ABX3 Halide Perovskite Alloys

Updated 7 February 2026

ABX₃ halide perovskite alloys are mixed-cation/anion materials derived from a corner-sharing BX₆ framework, enabling systematic tuning of structural, electronic, and optical properties.
Advanced computational methods, including DFT, SQS, and machine learning, reveal precise composition–property relationships and guide band-gap and stability optimization.
Targeted alloying at A, B, or X sites permits engineering of lattice, dielectric, and thermodynamic characteristics for improved photovoltaic, optoelectronic, and photodetector performance.

ABX₃ halide perovskite alloys are mixed-cation or mixed-anion crystalline materials derived from the archetypal perovskite structure (formula ABX₃, where A is a monovalent cation, B a divalent cation, and X a halide anion).
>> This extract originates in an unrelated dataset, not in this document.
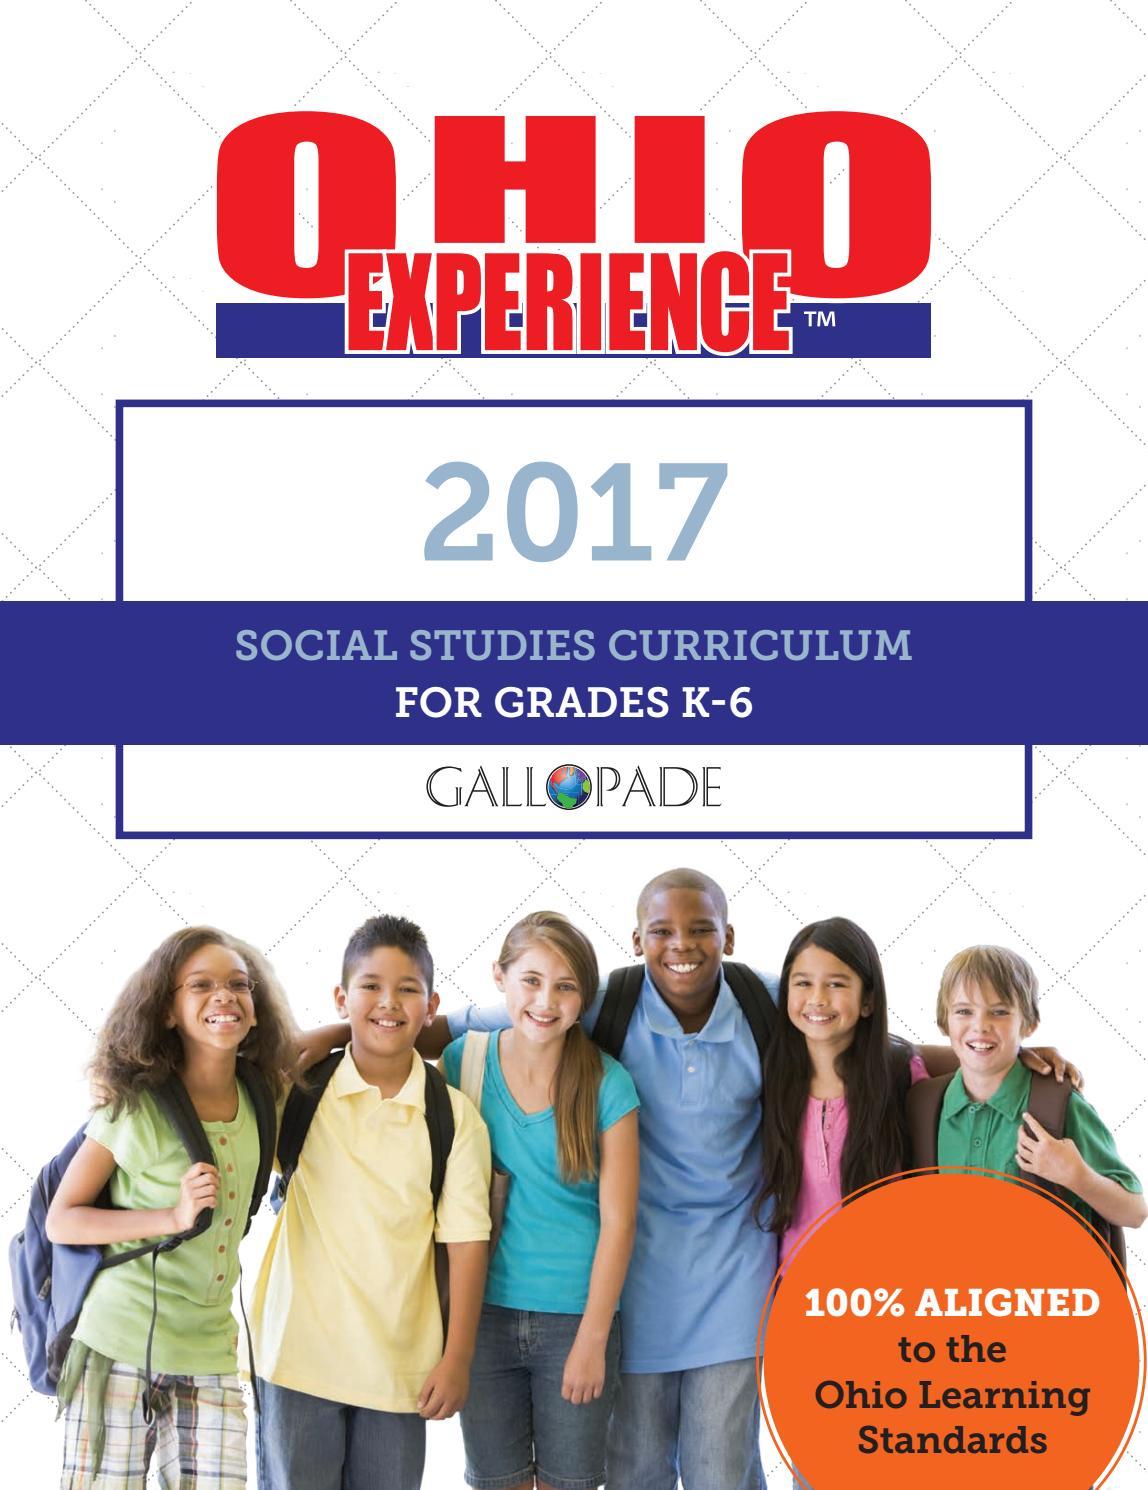 Ohio Experience 2017 Social Studies Curriculum Catalog by

Alloying at A, B, or X sites enables systematic tuning of structural, electronic, optical, and thermodynamic properties, providing a highly versatile platform for photovoltaic, optoelectronic, and photodetector applications. Advanced density functional theory (DFT), special quasi-random structures (SQS), multi-fidelity machine learning, and high-throughput experimental studies have yielded a unified framework for understanding and predicting the composition–property–stability relations in these alloys, with rigorous attention to phase stability, band-gap bowing, defect tolerance, and design principles.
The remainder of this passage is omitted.